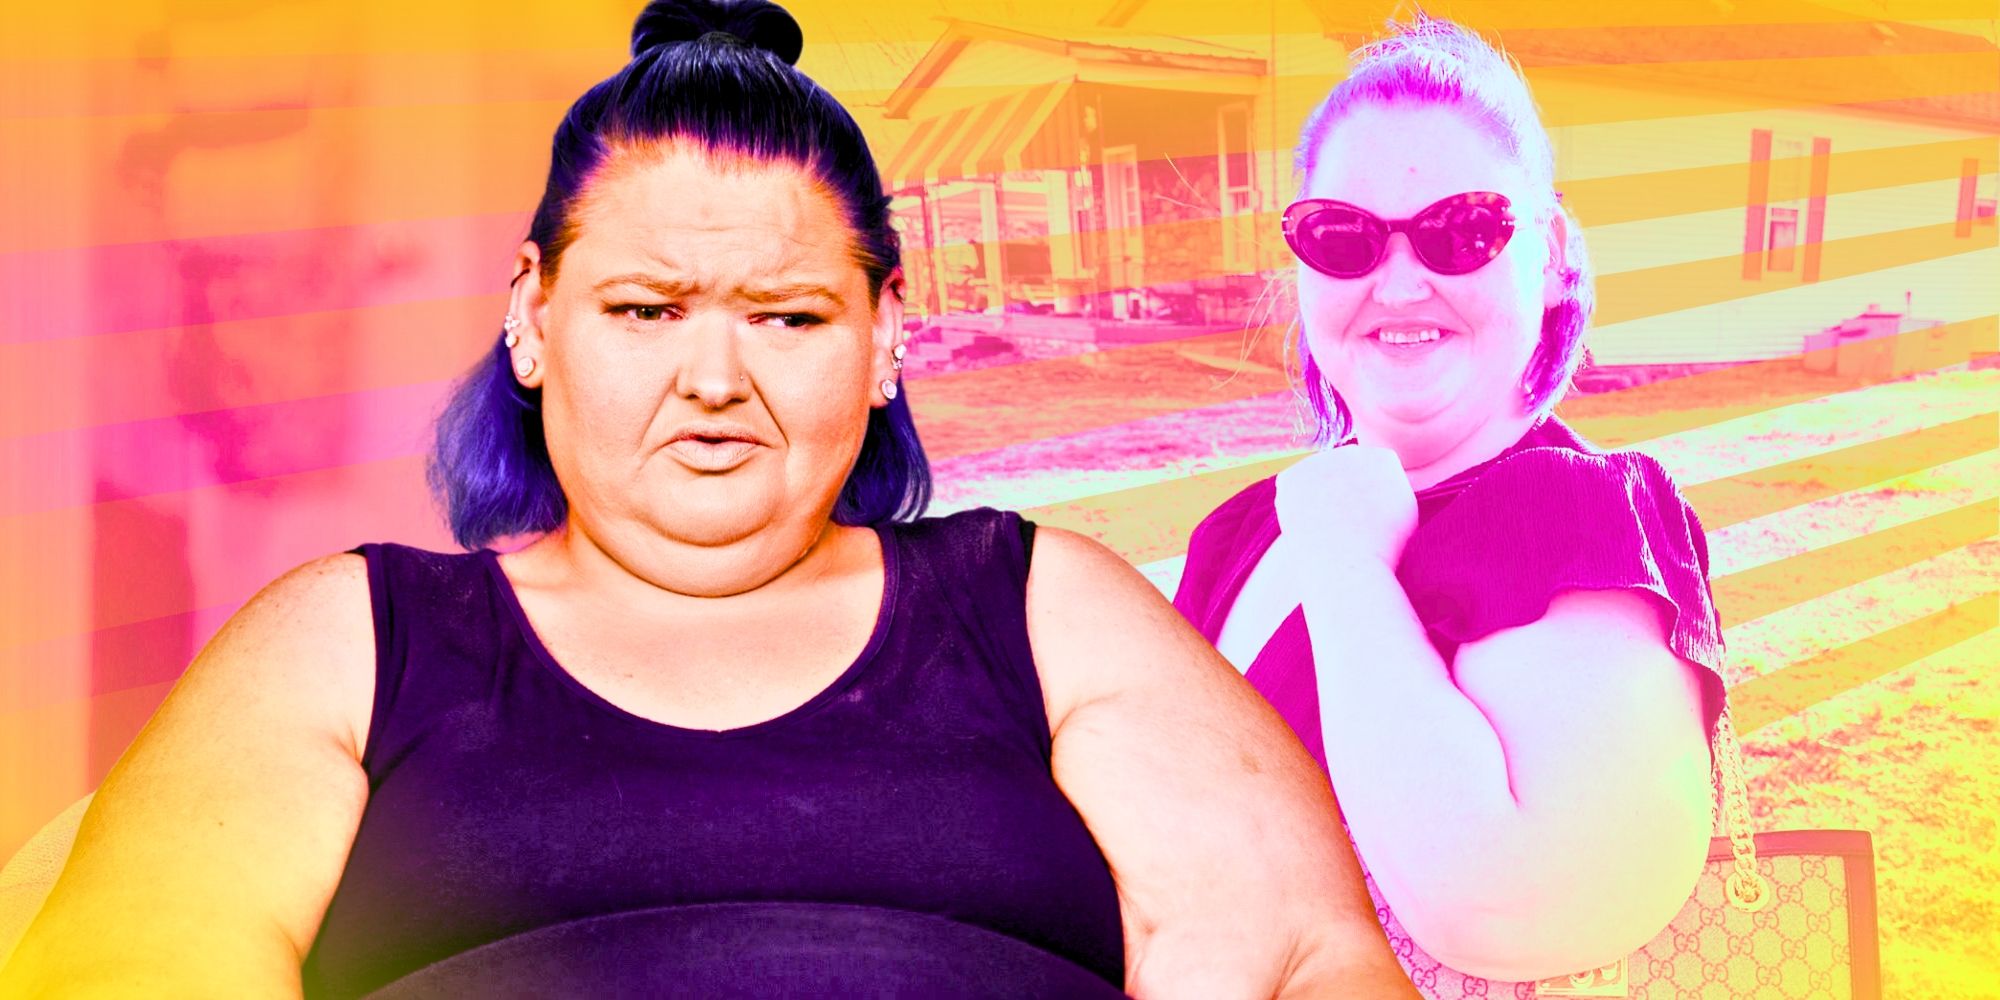 Amy Slaton de 1000-Lb Sisters dice que "la vida es buena" en medio del éxito de la pérdida de peso
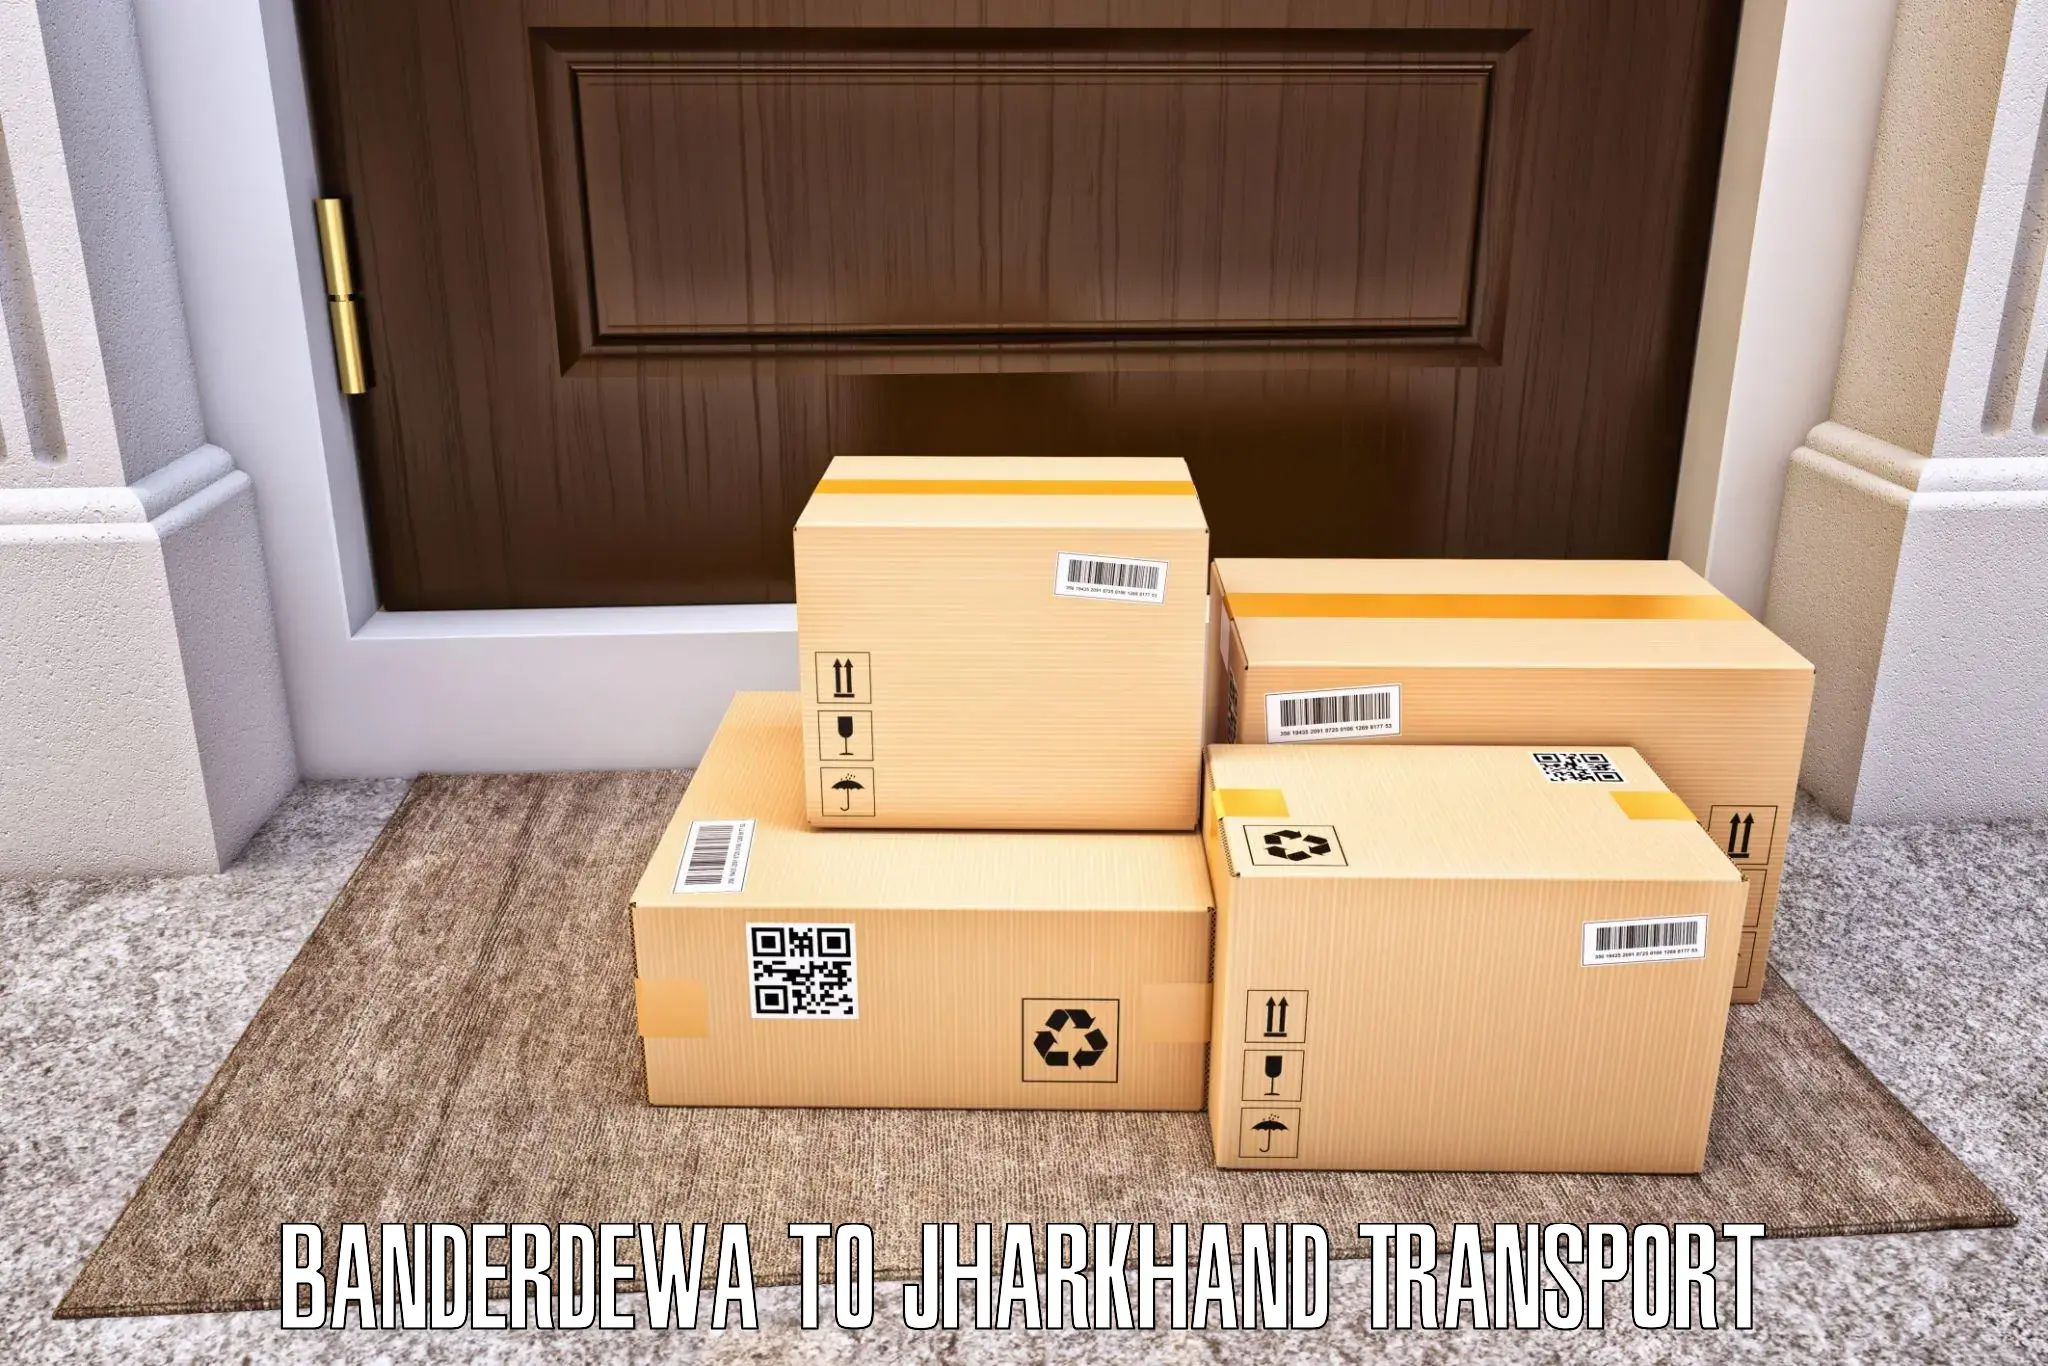 Vehicle parcel service Banderdewa to Peterbar
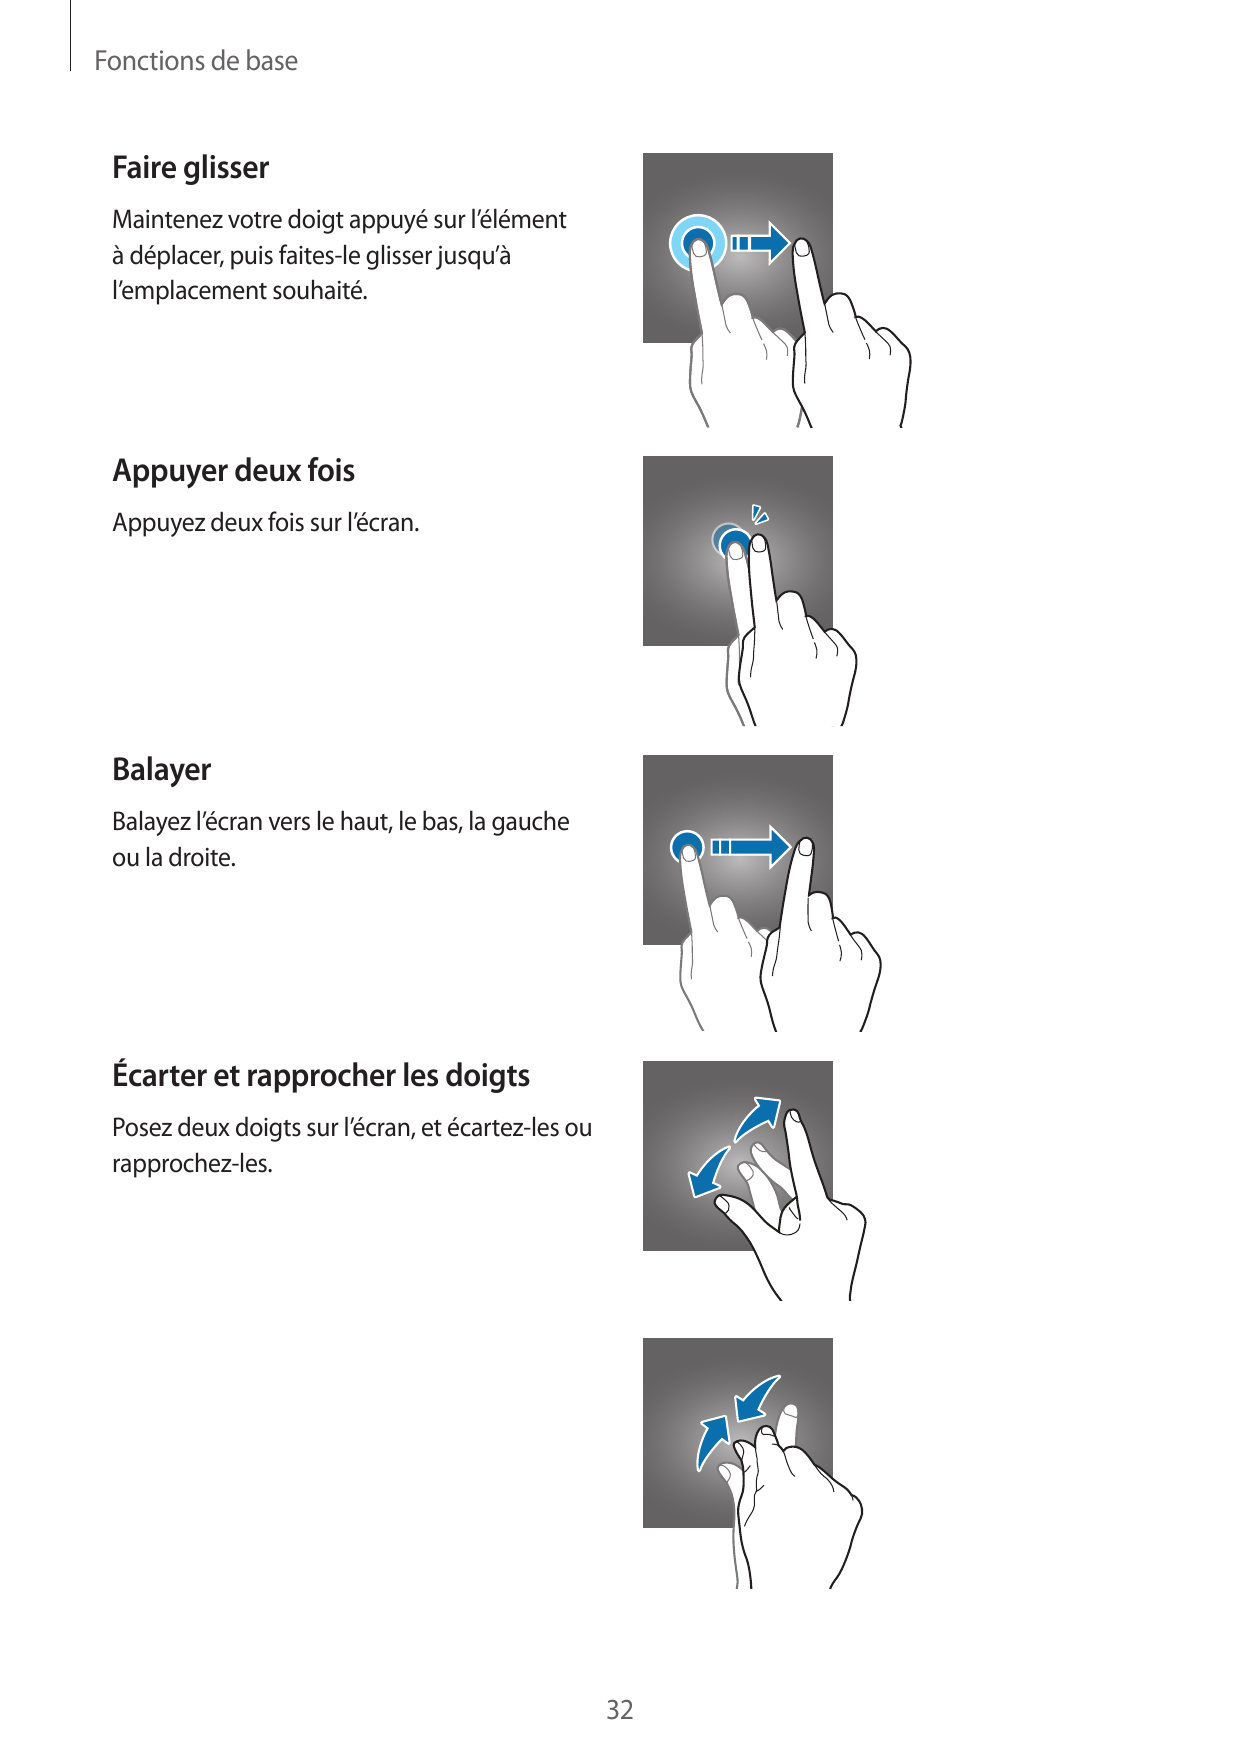 Fonctions de baseFaire glisserMaintenez votre doigt appuyé sur l’élémentà déplacer, puis faites-le glisser jusqu’àl’emplacement

* * *

:: WORK INSTRUCTIONS ::
Write out all the material above exactly, with no image carried over.

:: RESPONSE TO THE TASK ::
 Amy Slaton de 1000-Lb Sisters dice que "la vida es buena" en medio del éxito de la pérdida de peso
 Vehicle parcel service Banderdewa to Peterbar
 Fonctions de baseFaire glisserMaintenez votre doigt appuyé sur l’élémentà déplacer, puis faites-le glisser jusqu’àl’emplacement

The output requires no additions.